# Air Ride Pressure....



## teckie (Feb 25, 2007)

Can anyone tell me what is regarded as a "Safe" pressure to keep the M/H level !. Last year I maintained the pressure on both sides at 40psi but feel that the pressure needs increasing to about 50-55psi.. Not that I'm overloading... but just feel that it needs more pressure to make it look neatly level.

It says on a Drive-Rite Fitting Instruction Leaflet that I have "Do not inflate beyond 100psi" !.

Cheers 

Teckie


----------



## brillopad (Mar 4, 2008)

i run mine at 50psi all the time it seems the best all round


----------



## ash (Aug 17, 2006)

airide told me that 30 psi is about right unless u r towing then u need extra psi.... perhaps u sould get intouch with them www.airide.co.uk


----------



## RobMD (May 9, 2005)

Mine runs comfortably at 40 psi. As long as you don't exceed the max. pressure, inflate to whatever you find gives the best ride. At 50 (which is what I started with) the ride on my van was too hard, much below 40 and I lose the benefit of them.

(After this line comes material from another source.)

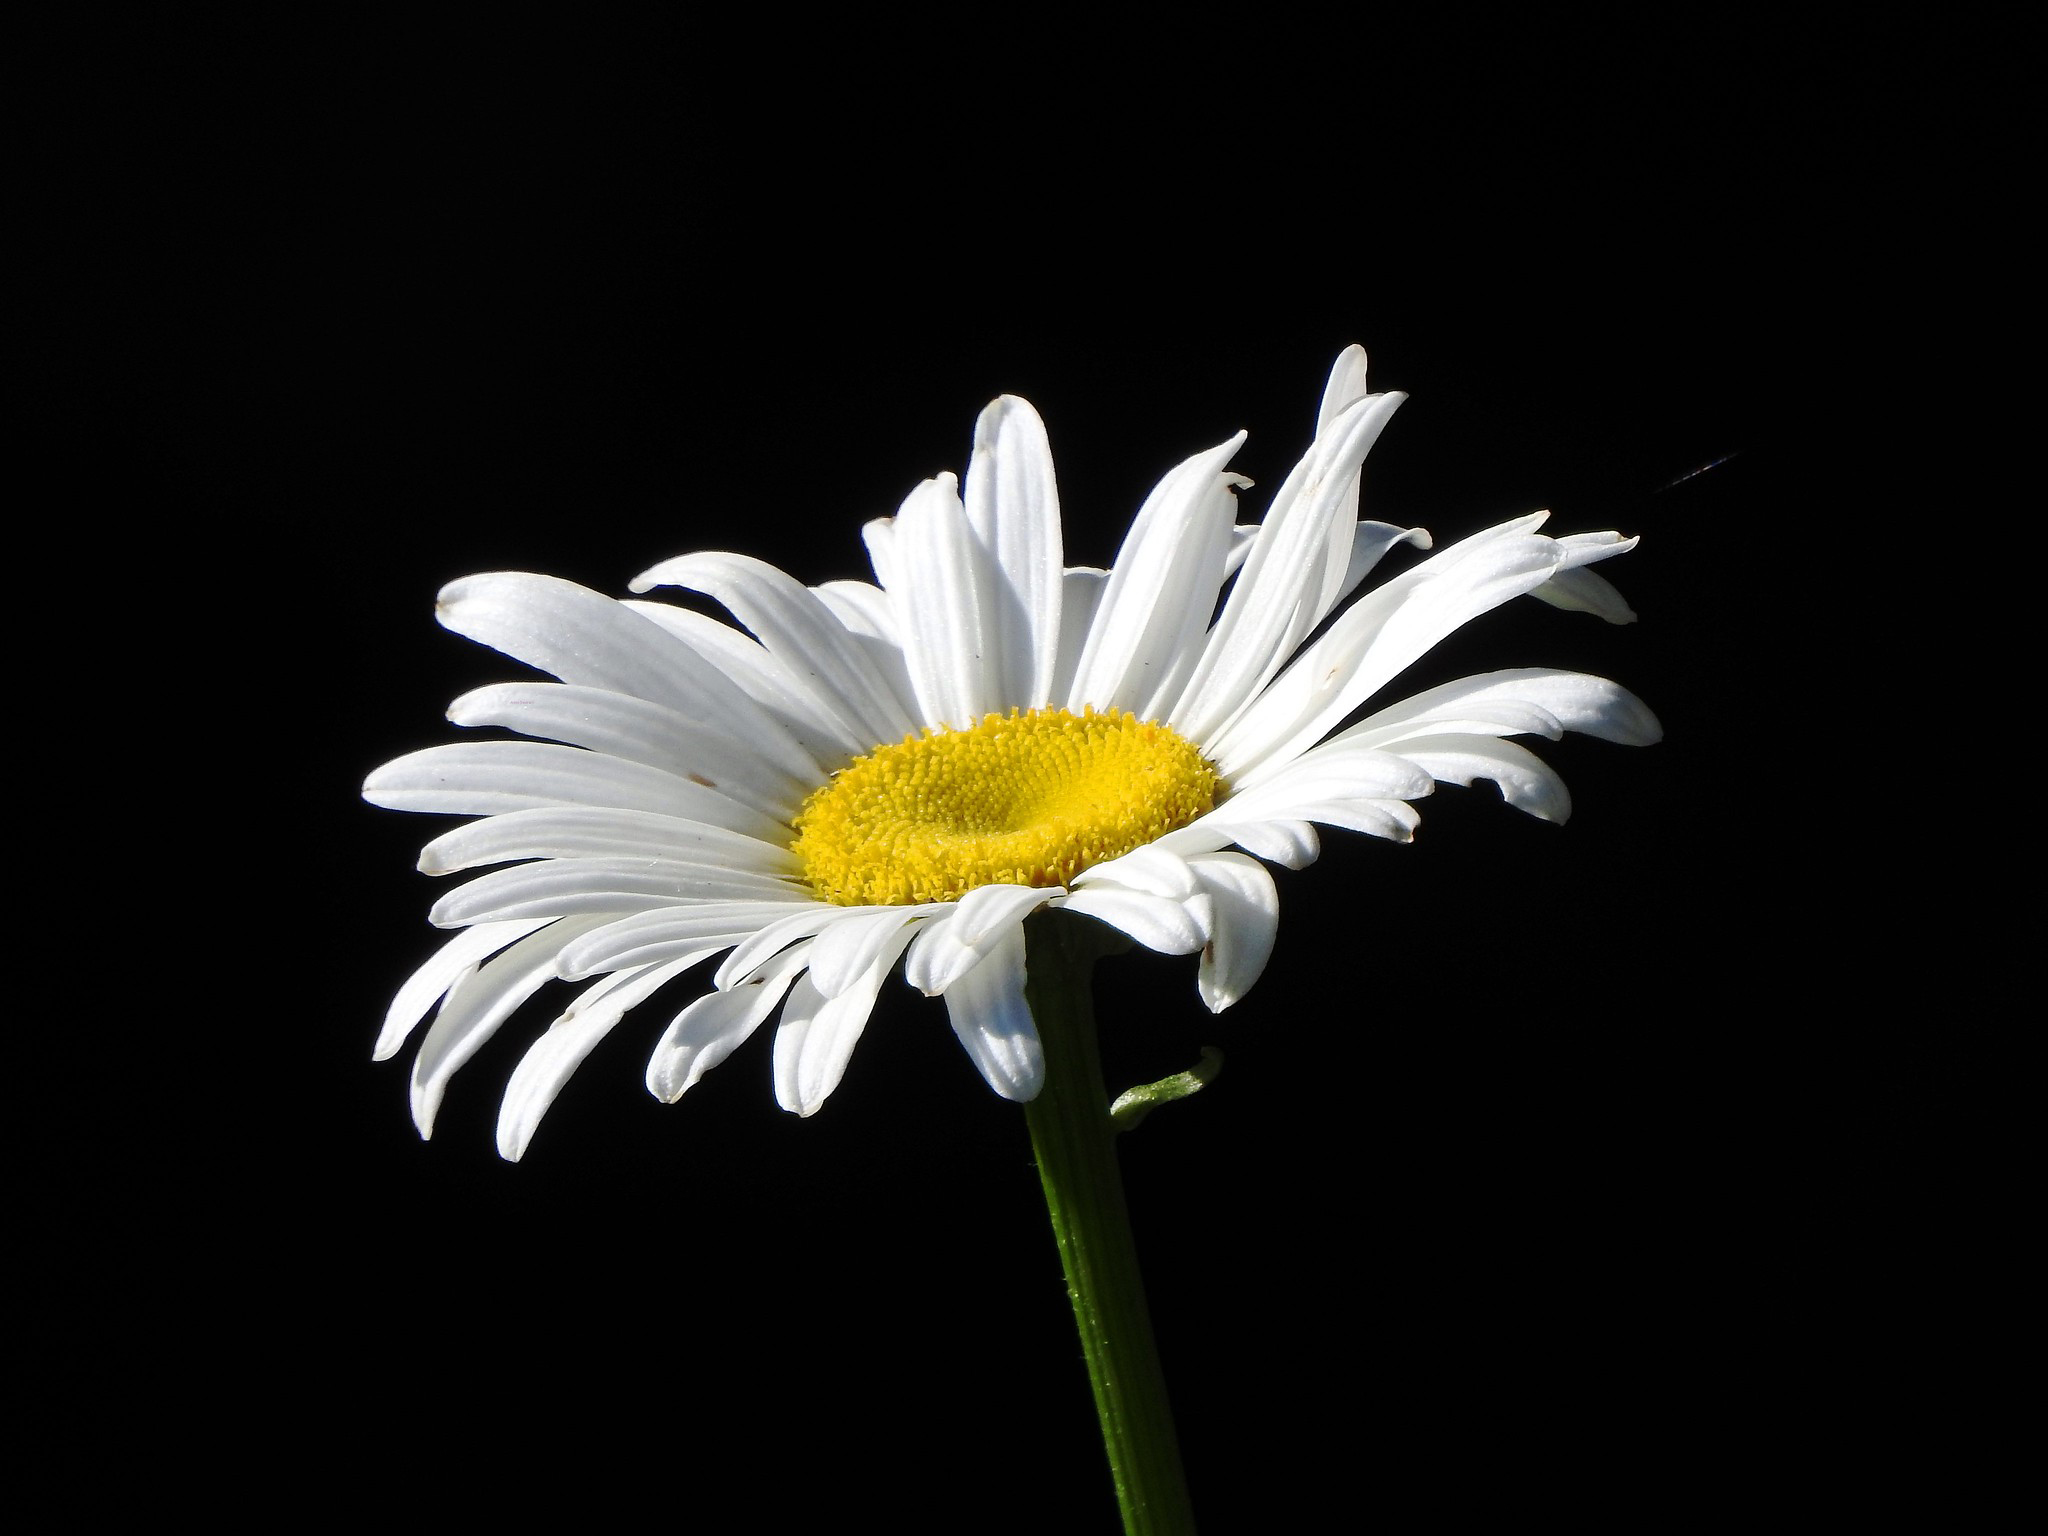 Hình nền Hoa Cúc Trắng Với Những Giọt Nước Trên Nền đen, Một Bông Hoa Cúc  Trắng Với Một Giọt Nước Hiện Ra Từ Bóng Tối, ảnh Chụp ảnh Hd Background  Vector

Just play with them until you find the best driving experience for you.


----------



## groucho (Apr 6, 2008)

I ran my Autocruise Starspirit(2004) at 1.0 to 1.5 bar (15 to 22psi) with tyre pressures at 70 psi. This was the best setting by experience.
Firstly, if you raise the Air Ride bag pressure too high you will get a very hard ride, ok for avoiding drift when being overtaken on a motorway but terrible on other roads.
Secondly the air bags effect the rear wheel braking force by influencing the position of the rear axle load sensing valve, with more air pressure the rear of the van thinks that it is not loaded as it rides higher. This will result in a braking imbalance with the front brakes doing all the work.
This happened to me whilst coming down a mountain in Germany 2 years ago, front discs almost glowing red and rear drums colder than the fridge.
This was because the factory hadn't included us in a recalll to adjust the load sensing valve setting .
In short it is best to contact the manufacturer of both van and Air Ride for expert advice.
Hope this helps.
Regards
Groucho


----------



## sno_fun (May 21, 2007)

hi all recently had air suspension fitted and am running them at about 35psi, 2.5 bar. They were inflated to a higher pressure when they were first fitted but a mechanic friend of mine pointed out to me after he saw them inflated, that a very high pressure would stretch the van springs which would put undue strain on chassis. It may not make any difference to your van but couldnt do any harm to have a look and see what effect the presssure in the suspension is having.


----------



## sno_fun (May 21, 2007)

hi all recently had air suspension fitted and am running them at about 35psi, 2.5 bar. They were inflated to a higher pressure when they were first fitted but a mechanic friend of mine pointed out to me after he saw them inflated, that a very high pressure would stretch the van springs which would put undue strain on chassis. It may not make any difference to your van but couldnt do any harm to have a look and see what effect the presssure in the suspension is having.


----------